_INFORMATION SUPPLIED_
# # #
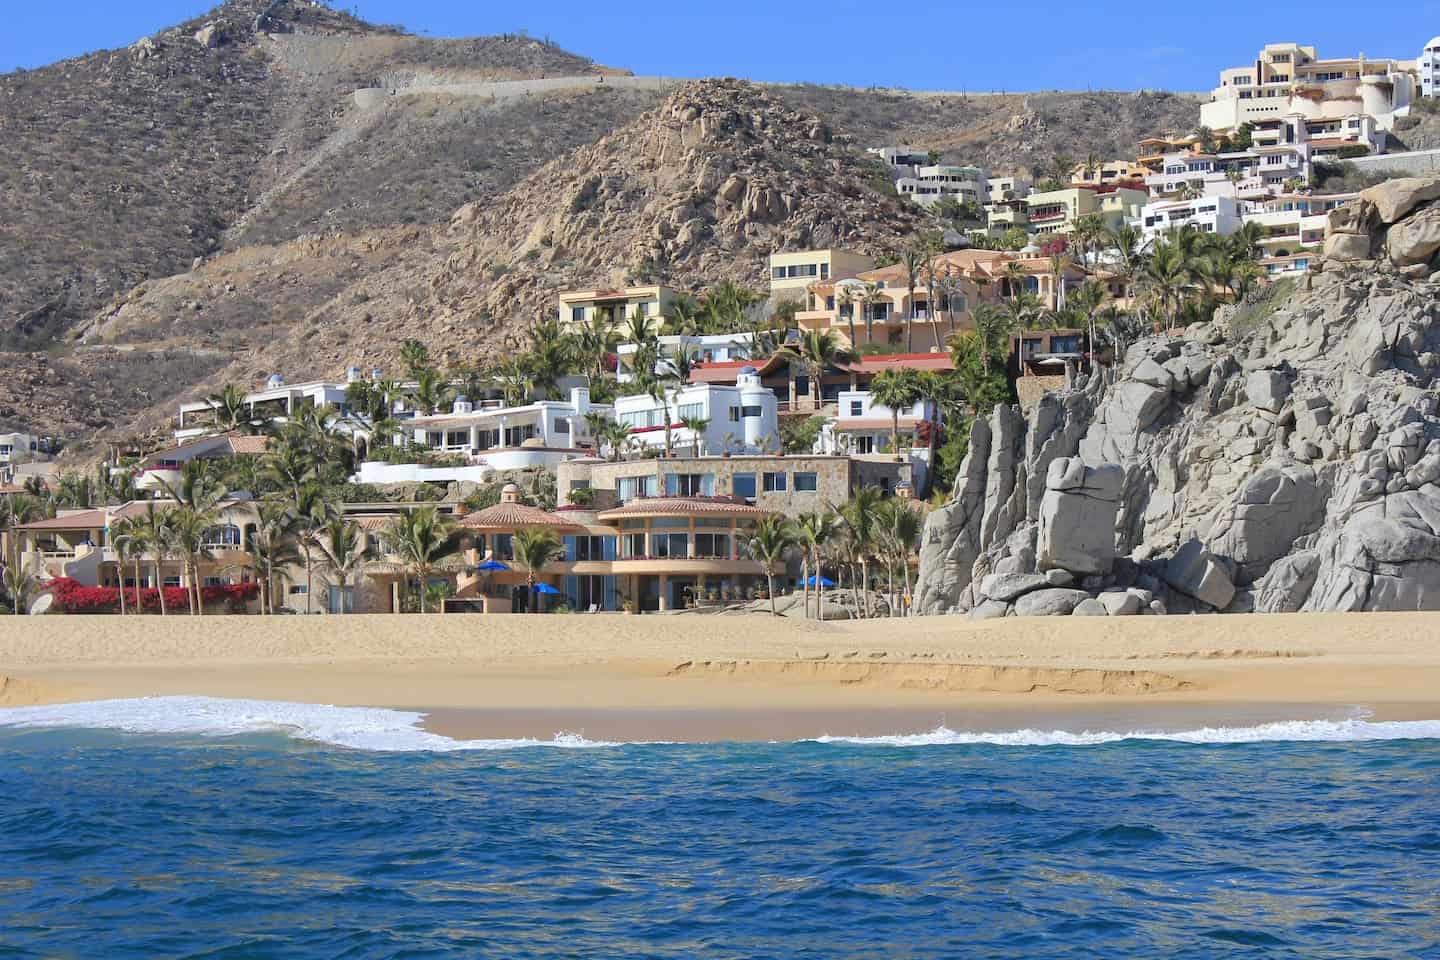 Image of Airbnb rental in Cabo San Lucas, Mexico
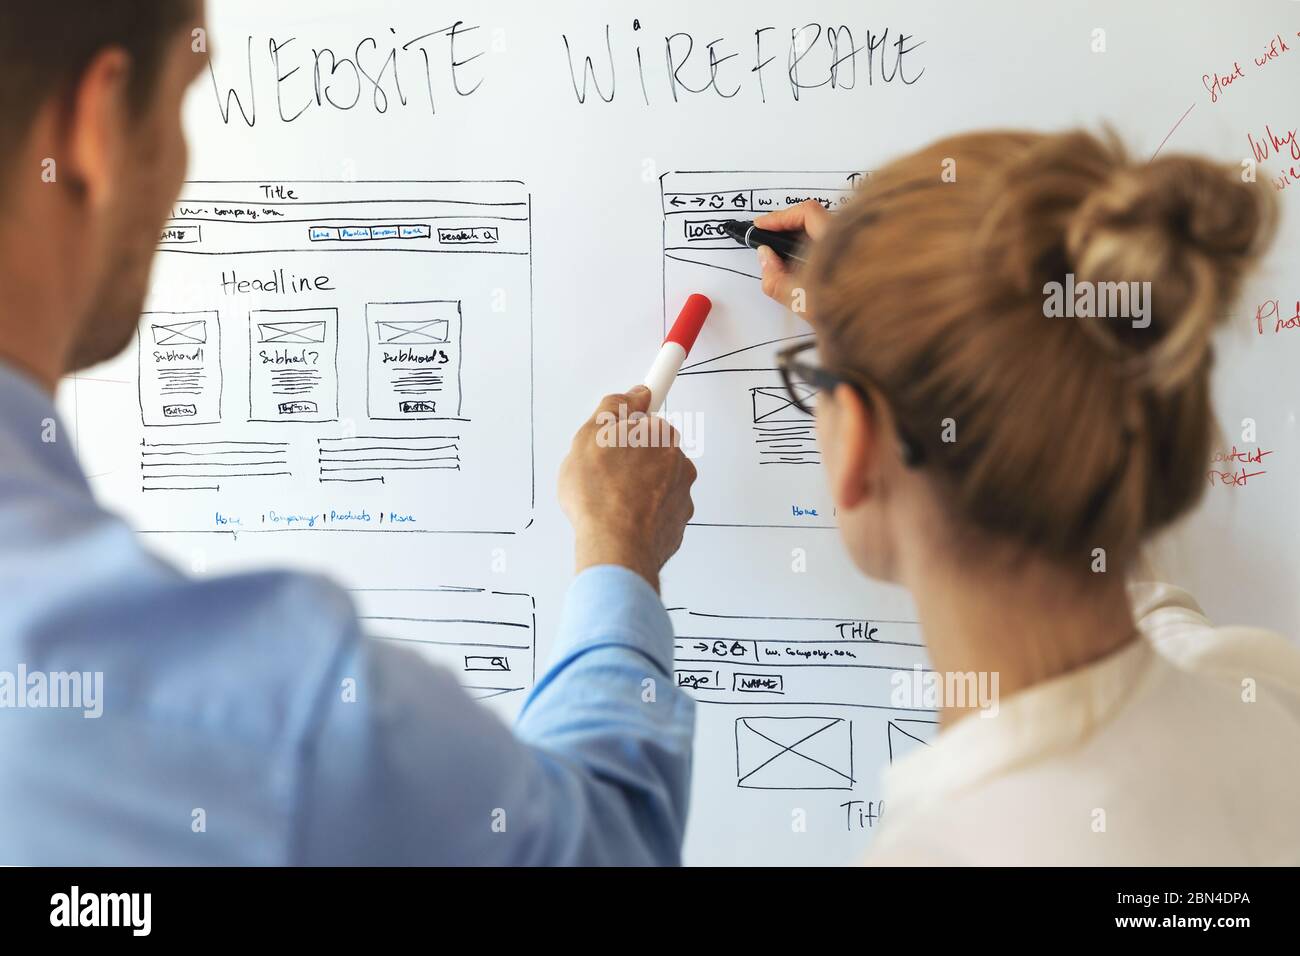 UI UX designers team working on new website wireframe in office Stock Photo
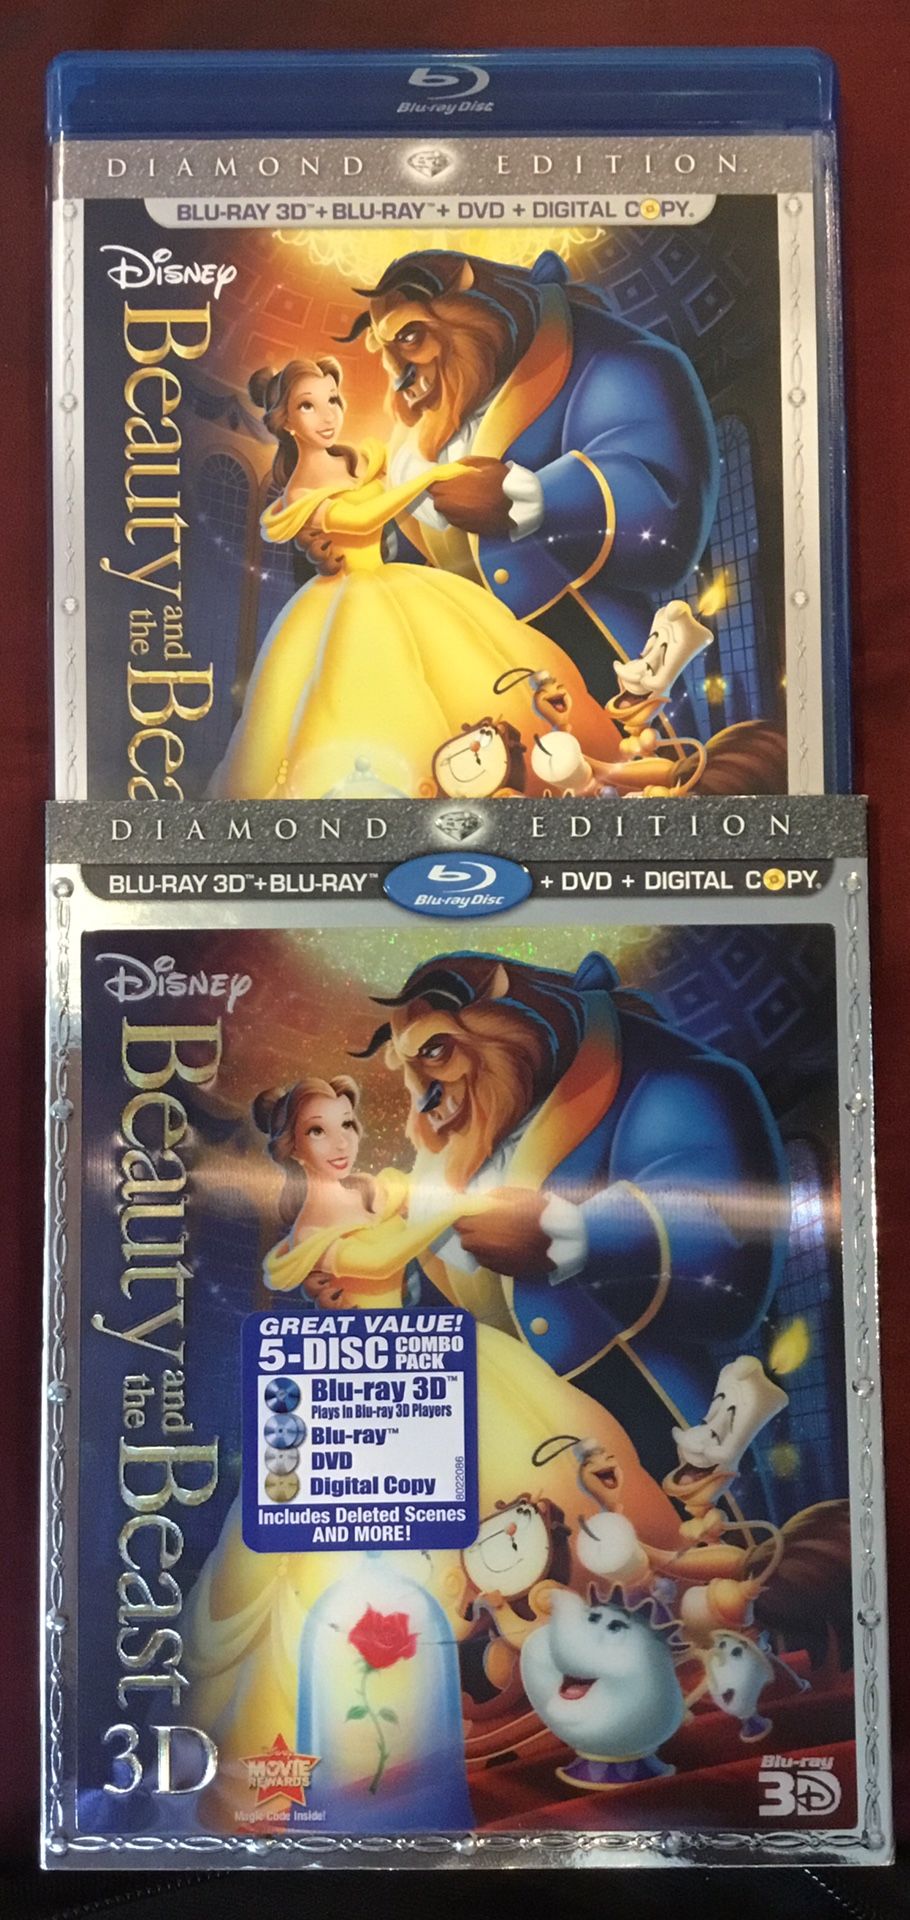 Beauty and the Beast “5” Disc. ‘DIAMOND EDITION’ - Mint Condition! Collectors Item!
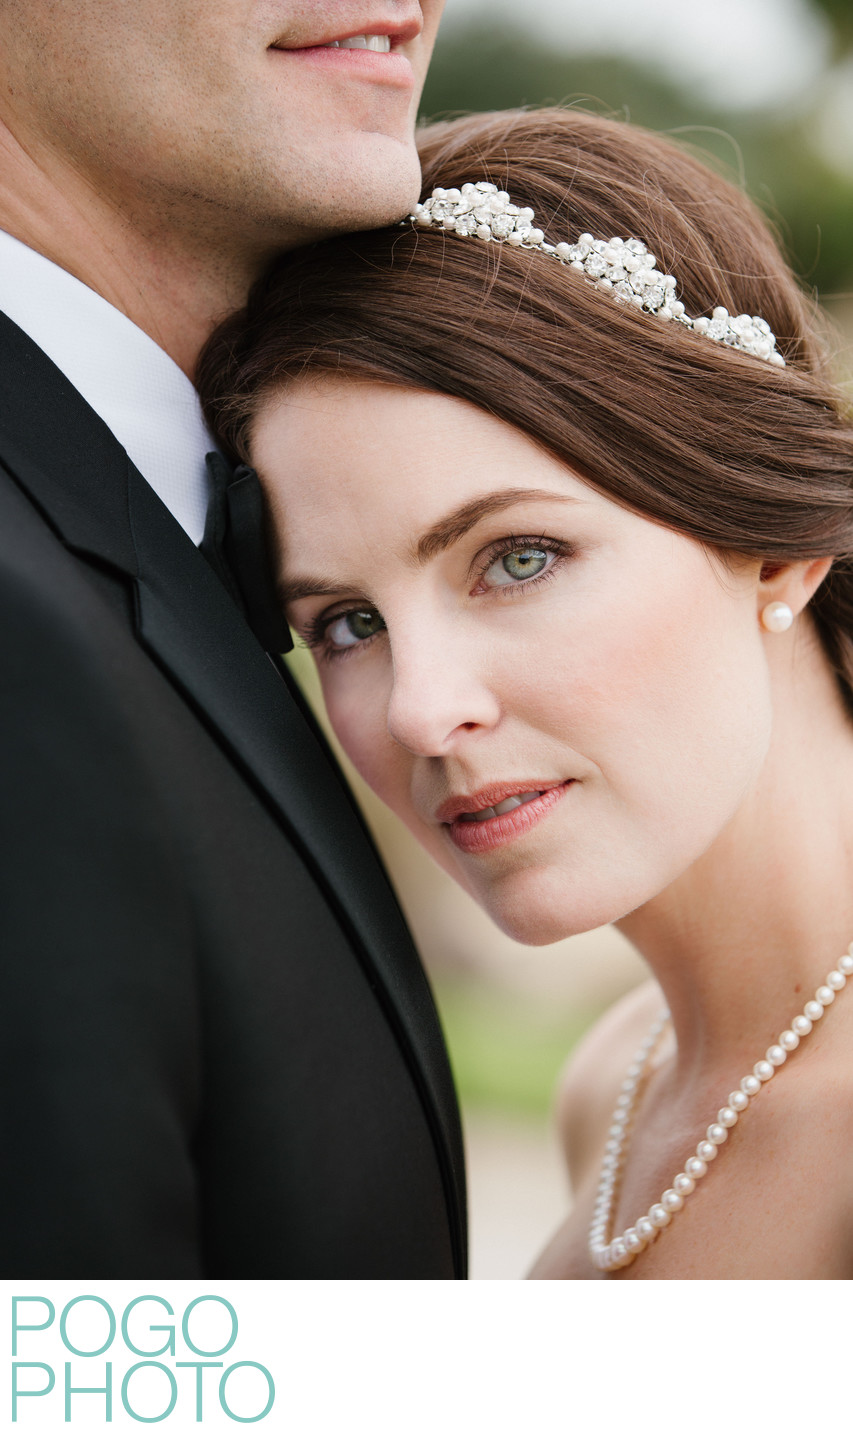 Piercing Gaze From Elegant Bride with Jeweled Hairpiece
# # #
_REQUIREMENT_
Only the lines from the one containing "Beauty and the" through the last line of the data belong in the copy, both included and reproduced exactly. Pictures do not.

_TASK RESULT_
 Beauty and the Beast “5” Disc. ‘DIAMOND EDITION’ - Mint Condition! Collectors Item!
 Piercing Gaze From Elegant Bride with Jeweled Hairpiece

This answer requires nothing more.